Last Monday, during the Mississippi-Louisville game, ESPN's announcers talked about how the Rebels went to Iowa State this past offseason looking for ideas, mentioning Heacock as Ole Miss was smothering the Cardinals.

“I’m thankful and grateful that we are getting some attention,” Heacock said. “I think our kids deserve that."

Parker's defense is more like what Heacock used to run: a four-man front, with quarters coverage —- basically, four defensive backs splitting the field into fourths.

While the Cyclones frequently use linebackers and defensive backs to pressure the quarterback from all angles, the Hawkeyes rarely blitz. It's all about big-play prevention for Iowa.

Parker said that over the last eight years he has been tracking it, Iowa has allowed an average of about 14 points per game when it holds an opponent to two or fewer gains of 25 yards. In games the Hawkeyes give up three or more 25-yard plays, the points per game doubles.

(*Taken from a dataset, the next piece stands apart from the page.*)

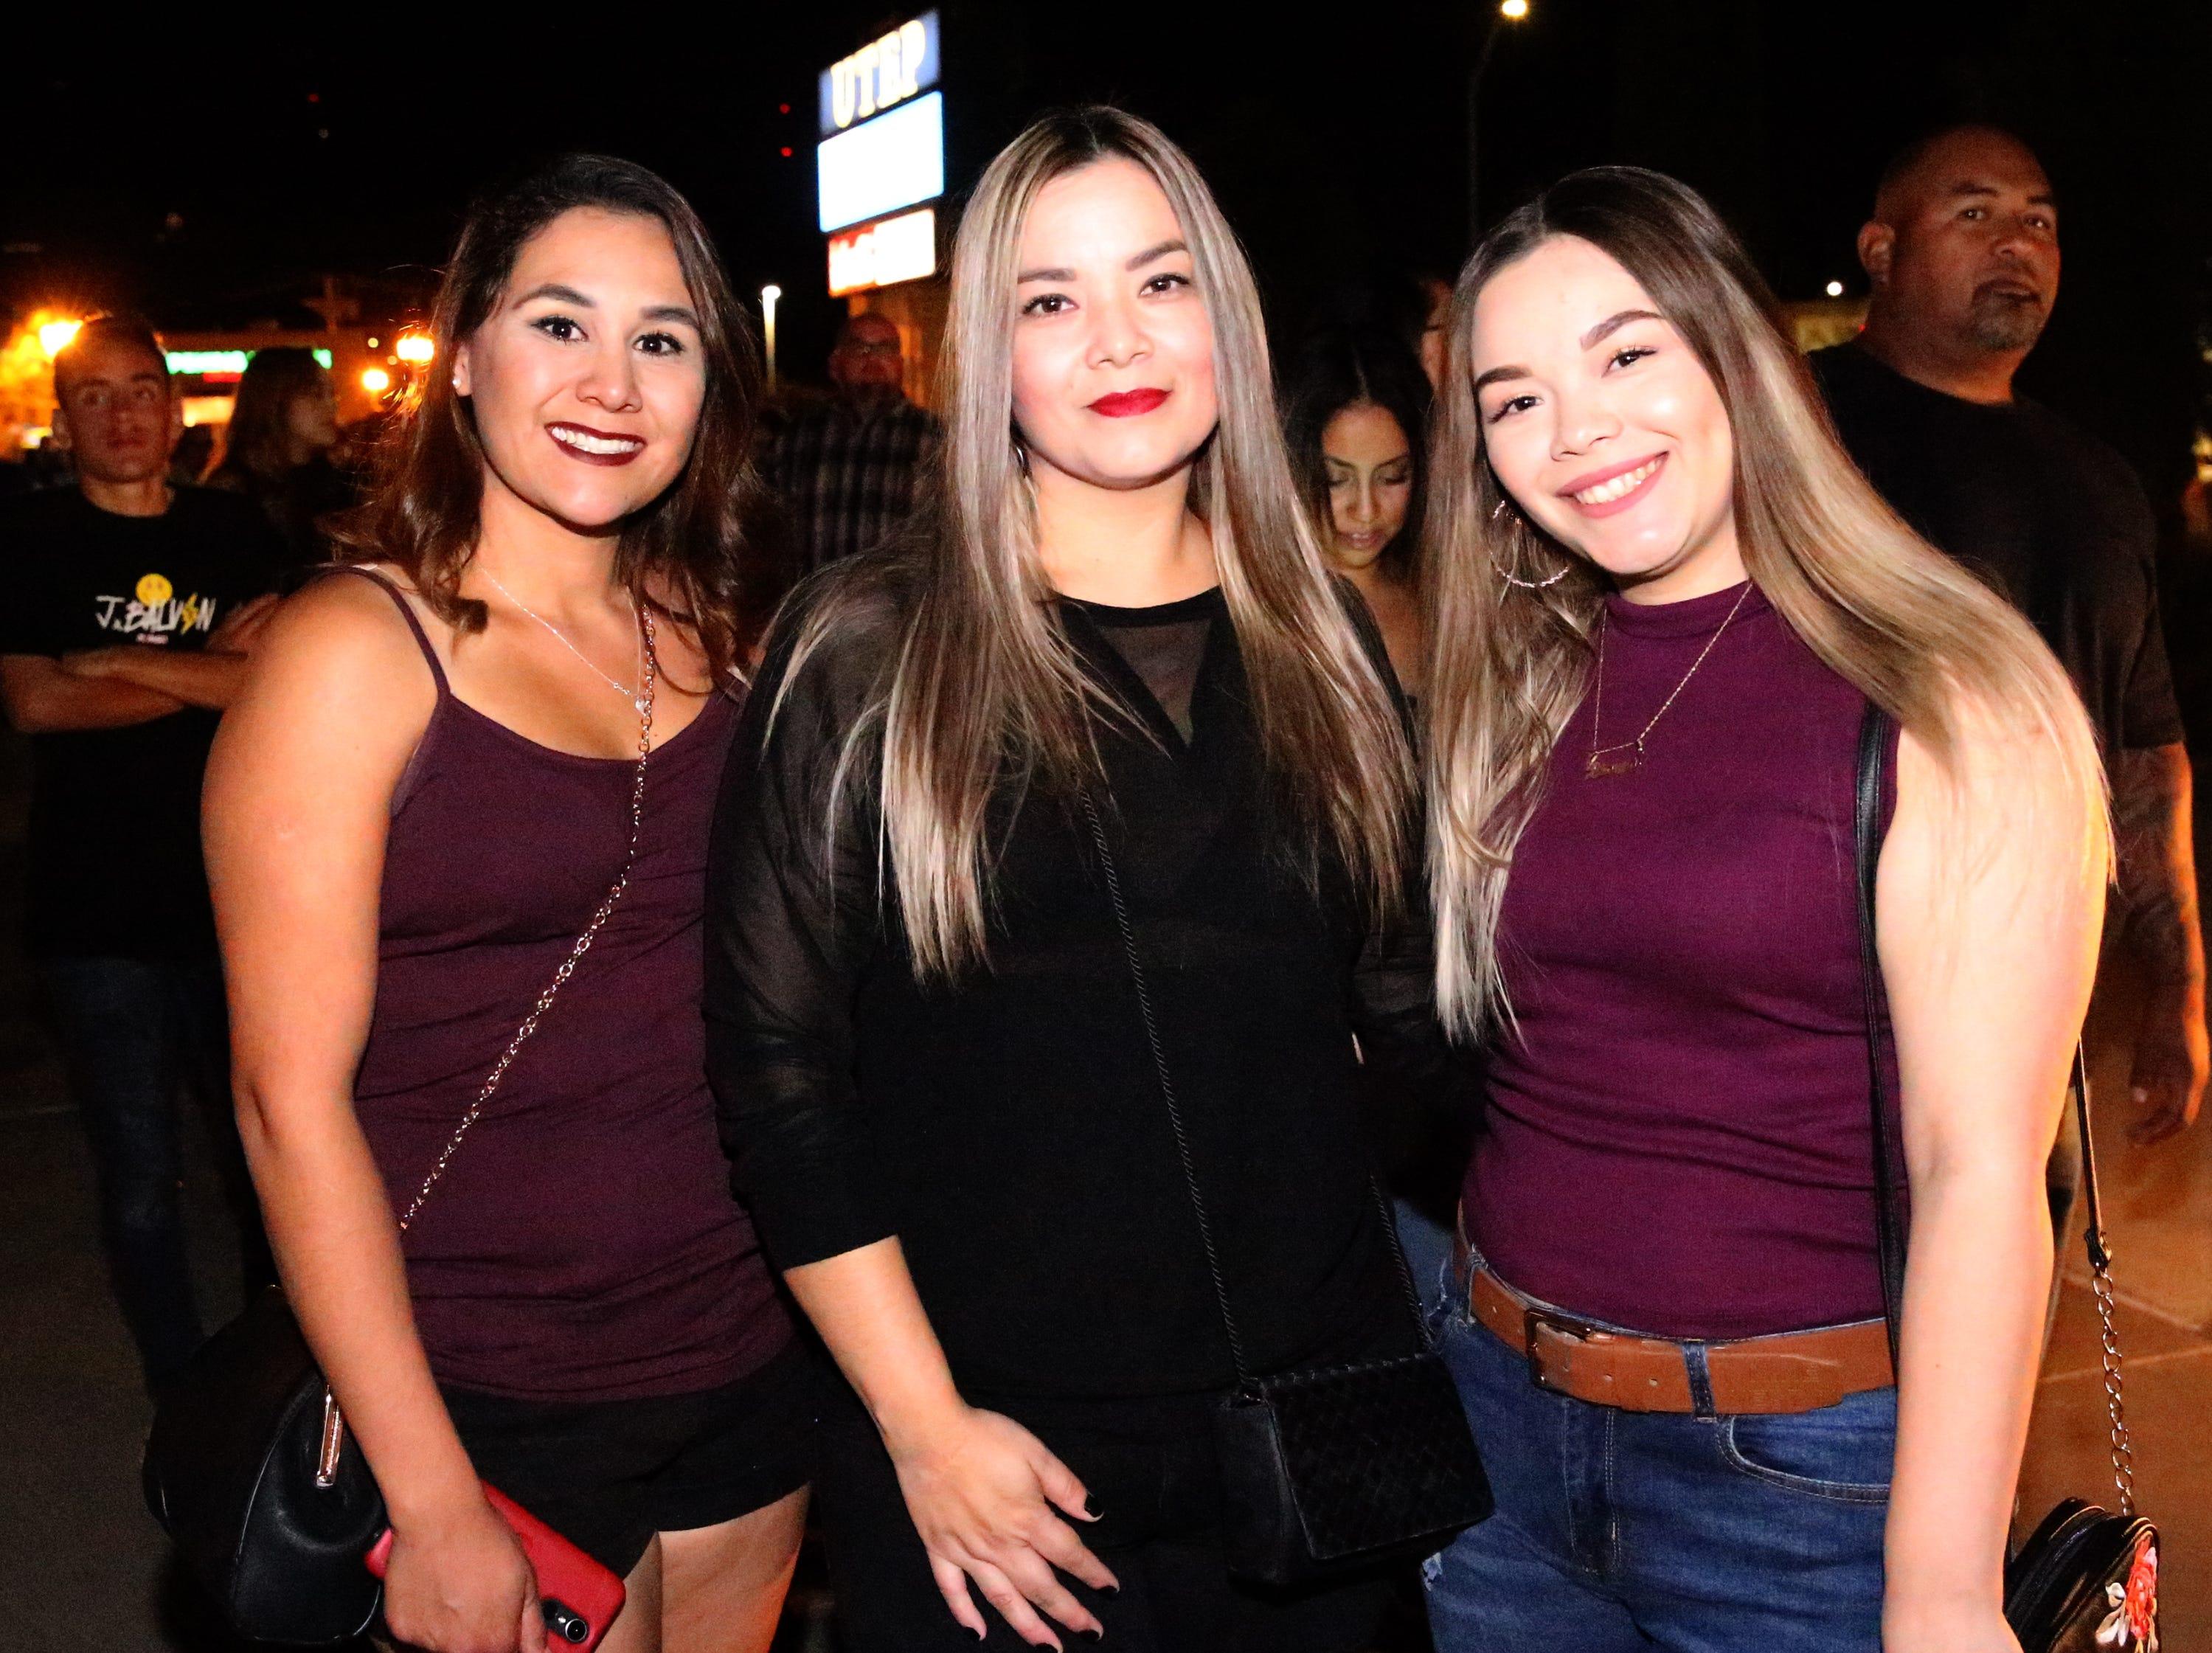 L-R: Claudia Guzman, Mayra Cruz and Bianca Quintanar.

Parker’s philosophy: keep it simple for the players.

“You never want to give up a big explosive play because of a mental error,” he said.


Iowa State was without All-America tight end Charlie Kolar (lower body injury) last week in a tight victory against Northern Iowa, but hopes to have him back for the Hawkeyes.

The Cyclones are deep at tight end with Chase Allen and Easton Dean behind Kolar, but they're also at their best when they can put two or even three of them on the field at the same time.

“Certainly, there's guys that did a great job, kind of stepped up,” offensive coordinator Tom Manning said. “I think it's anytime you don't have one of your better players on the football field, it's a little bit harder. Maybe you're having the guys do things they don't traditionally do.”


Iowa has won five straight in the series and has not committed a turnover during the last four games against the Cyclones, covering Campbell's time in Ames.